Emotional Joystick: PLAYS!
Zod Records

In the grand tradition of ‘60s Blue Note and other like-minded jazz labels, the album title of Emotional Joystick's PLAYS! heralds virtuosic display on an instrument of choice, in this case Thomas Wincek on Fender Rhodes. Though he's joined by guests on a few pieces, the album is largely a solo affair with the splatter of Wincek's electric piano merged with frenetic drill'n'bass structures. Pairing the fluid feel of live playing with programmed beats doesn't sound like a natural fit yet here it generally succeeds, primarily because he keeps the beat structures loose and spontaneous; though obviously a well-managed illusion, the instruments sound as if they're interacting spontaneously. The band name tellingly hints at the music's tendency to shift between moods and styles, illustrated most pointedly by “Ask Me No Questions” which conflates dub, funk, jazz, and drill'n'bass into a captivating throwdown in only three minutes. Though Wincek favours a fuzzy Rhodes sound reminiscent of Miles's late-‘60s bands, the album itself emphasizes more of a soul-jazz than free blowing style (“Bottle Rocket,” “Can We Rap?”).

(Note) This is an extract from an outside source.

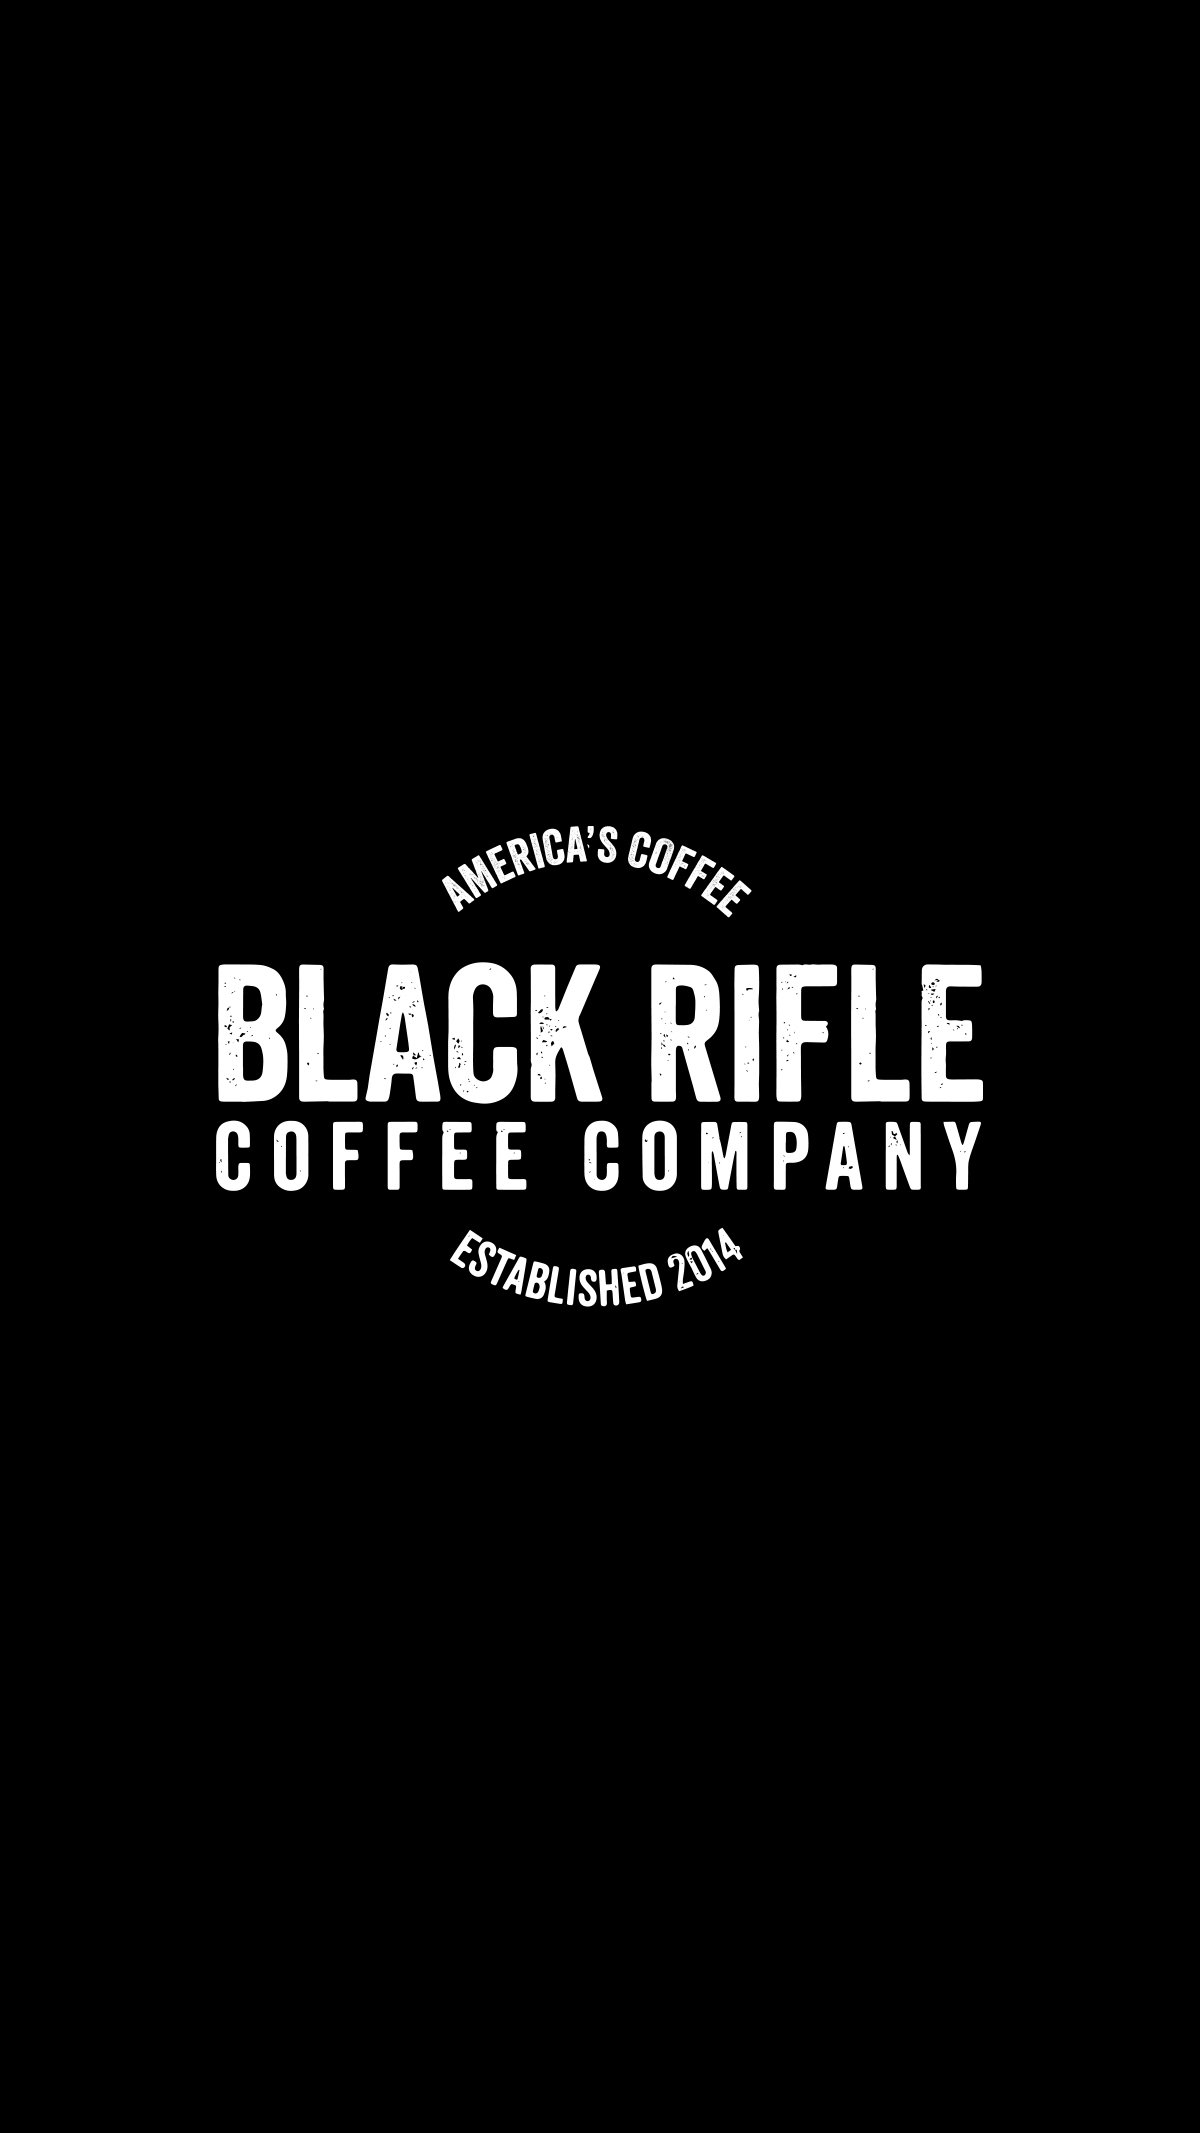 زمینه Black Rifle Coffee Company با تم سیاه سفید

The album is a middling affair, though. On the plus side, there's a memorable dubbed-out, reggae-meets-drill'n'bass episode (“Reparation”) plus a single-take, jazz- and blues-flavoured Rhodes solo (“Blues for Ben”) of lounge character that offers respite from the album's otherwise dense attack. Notwithstanding a slightly acidic, soul-funk hidden track, “Sometimes Always” ends the album appealingly with buoyant rhythms and simple yet inviting melodies. Two tracks weaken the album: the piano slithers through hardcore gabba beats in “Is Dead” to annoying effect and, when cartoonish, stop-start structures in “I'm Not Elton John” alternate between pounding beats and voice samples, the joke wears thin fast and the piece ultimately seems a waste of time and energy. Still, PLAYS!' positive moments outnumber the negative. A final note: though the album's stylistic range helps camouflage the potential limitations of the Rhodes-beats combination, Wincek might consider extending the soloing duties beyond piano; the inclusion of vibes at the conclusion of “Bells Bossa” suggests what an enriching difference another instrumental voice could make to the Emotional Joystick sound.